Zahrah: One man's freedom fighter is another man's terrorist.
Q: Taking the topic of violence a bit further, do you think right now, Islam promotes violence?
Q: So direct verses from the Quran as being quoted in Fitna does not promote violence at all?
Zahrah: The Quran does not promote violence. But the Quran has said that you are supposed to fight for your religion – it's called Jihad. I mean, whether it's in your heart, or whether you actually speak out about it. It never promotes violence.
Q: Have you read the Quran? In Arabic or English?

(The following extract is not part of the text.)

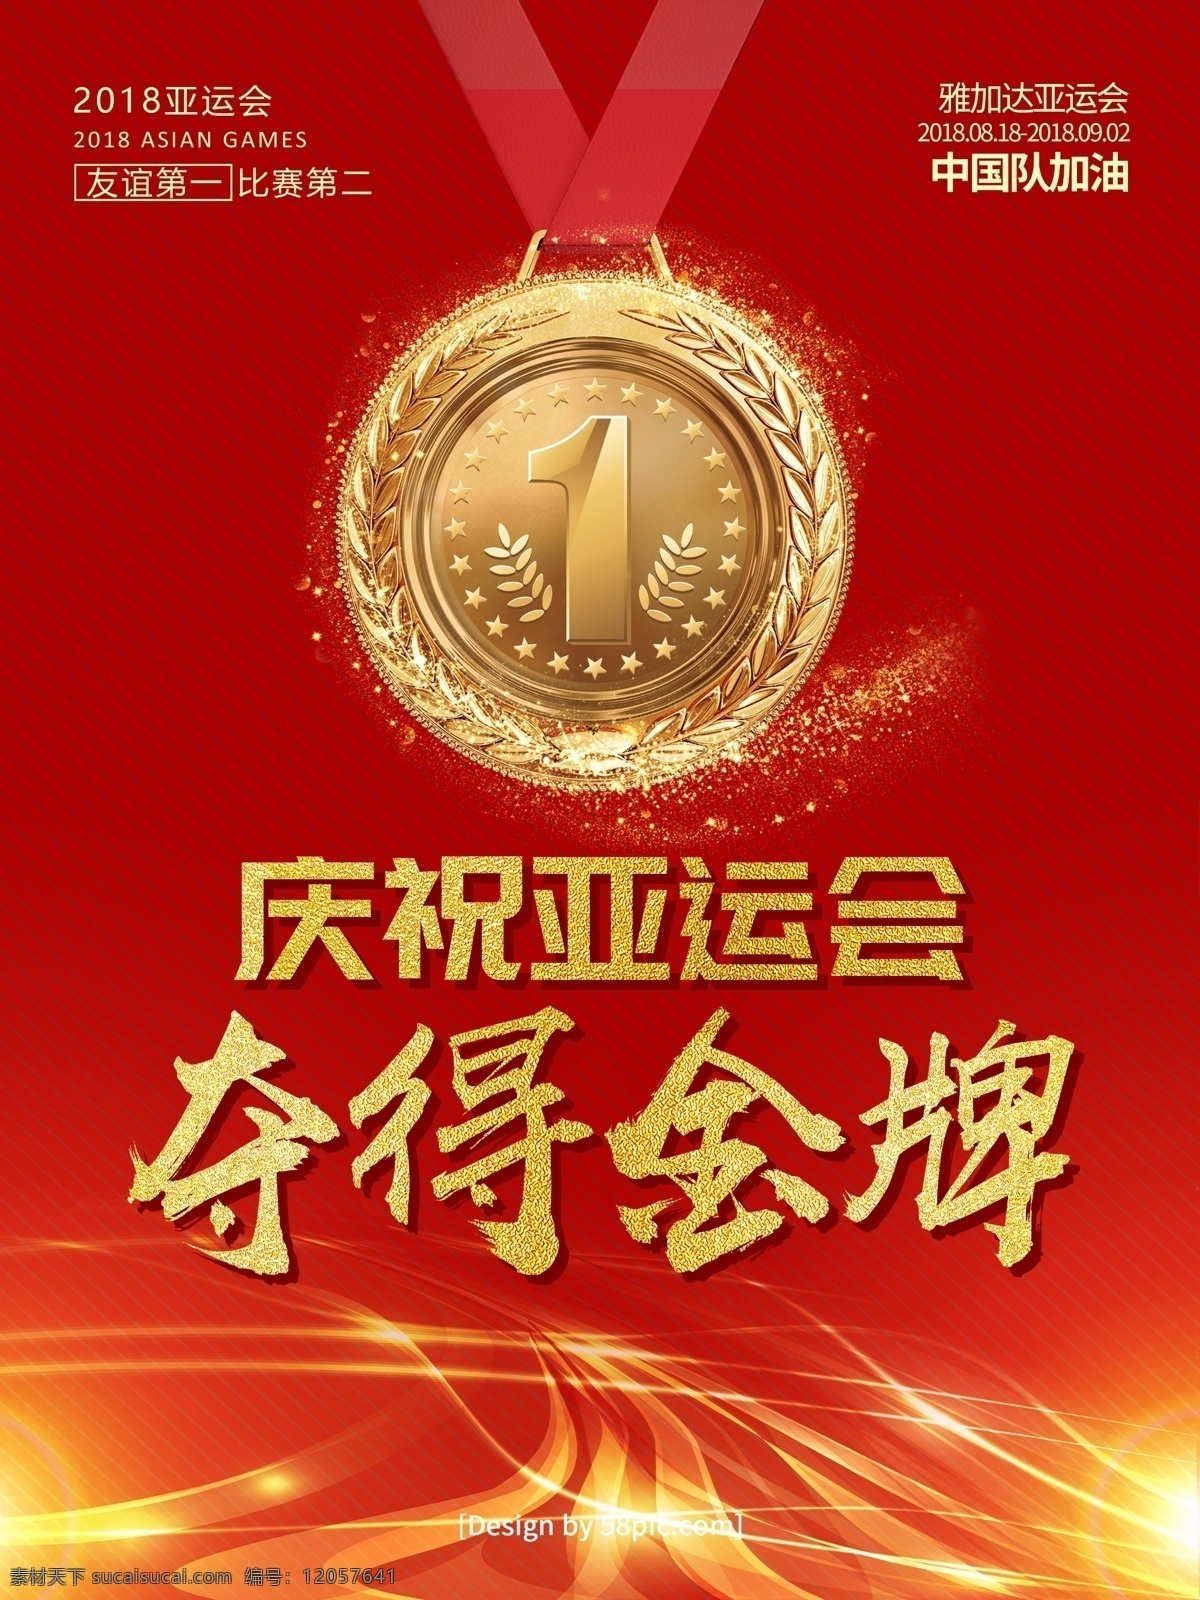 红色 喜庆 金字 庆祝 亚运会 夺得 金牌 海报 2018 大气 雅加达亚运会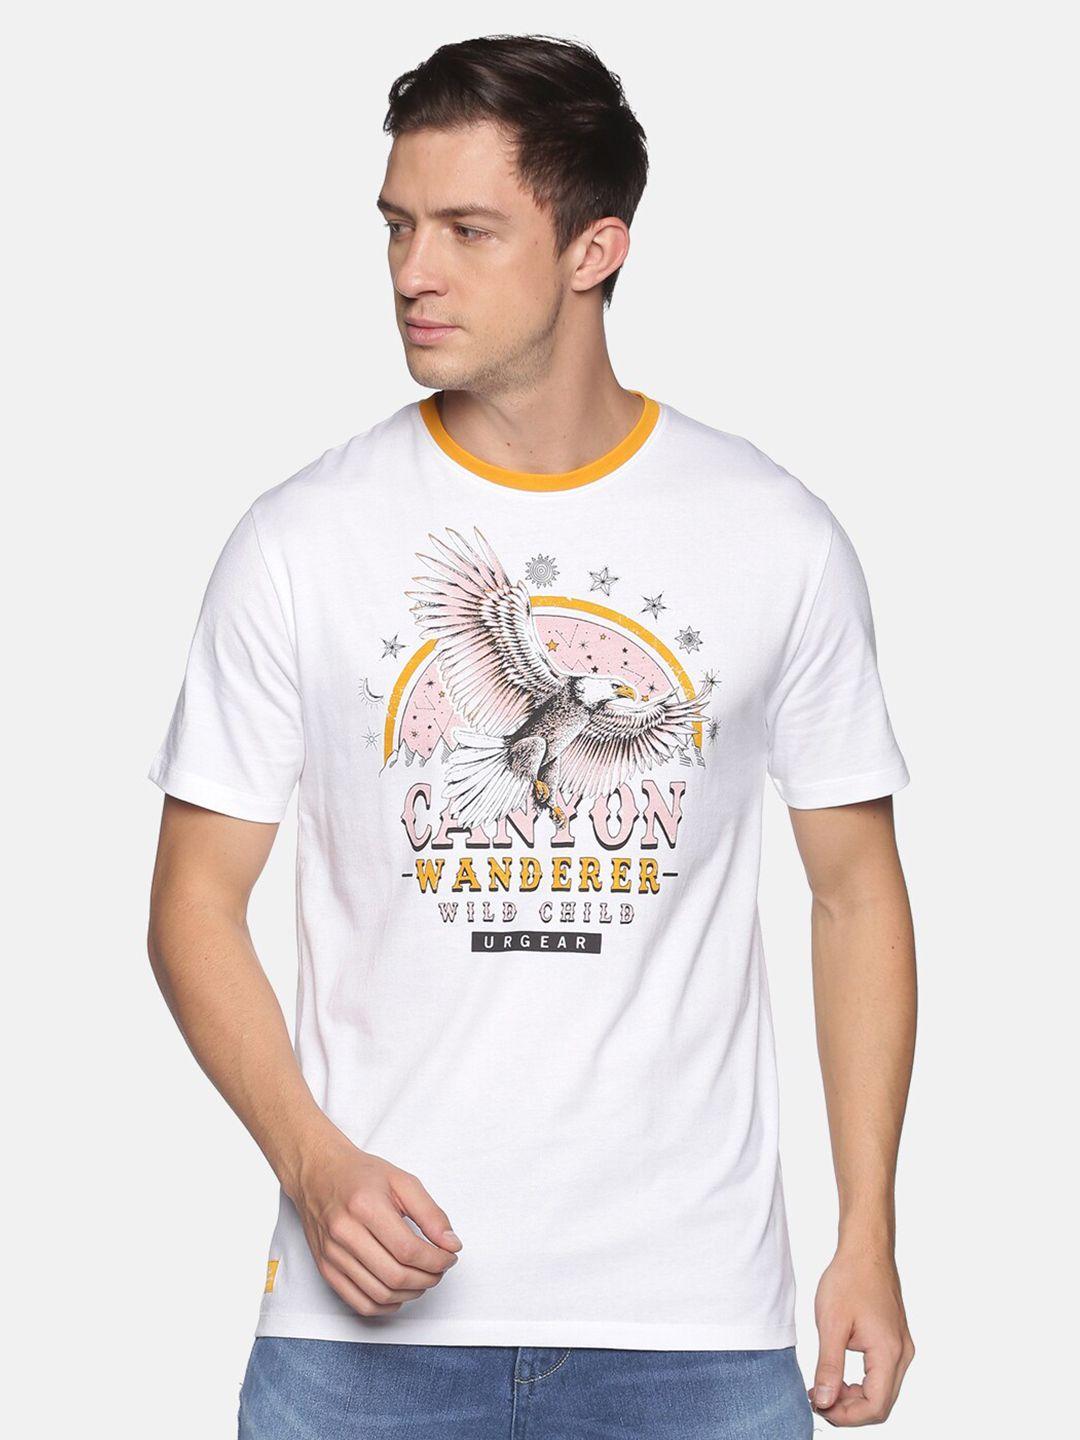 urgear men white & mustard yellow graphic printed t-shirt

Zahrah: Yes. In Arabic the whole thing, because you have to, and in English I read bits and pieces, here and there.
Q: Changing topic, do you annoy people?
Zahra: Yeah, definitely!
Q: What do you do when other people annoy you?
Zahrah: I hate going at the wrong person. I don't scream at people, especially if they are working under me. But if it's the last day they're working under me, I'll go all out and give them the works.
Q: Why not before?
Zarah: Because, they need to work under me for the rest of the term.
Q: So you're okay with screaming at them on the last day, because they're not going to work for you after that? Is that it?
Zahrah: Because then, they don't need to respect me.
Q: Do they need to respect you just because they work under you?
Zahrah: I think it's important to have respect for me for them to work under me. If they don't respect you, they don't work for you. You need to earn people's respect, no matter what.
Q: Do you think you're a little too prepared for questions? You've got quotes for everything.
Zahrah: No. I read a lot, and I am a debater. I make a lot of speeches. In the capacity of DIR, I think I've made the equivalent to about a speech a day throughout my whole term. I think thanks to all the reading, I know a lot. I analyze a lot – I've been told so by others. I analyze a lot of things. I have theories that people can't get in the way of.
Q: Zahrah, Some people think you are full of yourself. What do you think about that?
Zahrah: Full of myself? Maybe I am. I would never know.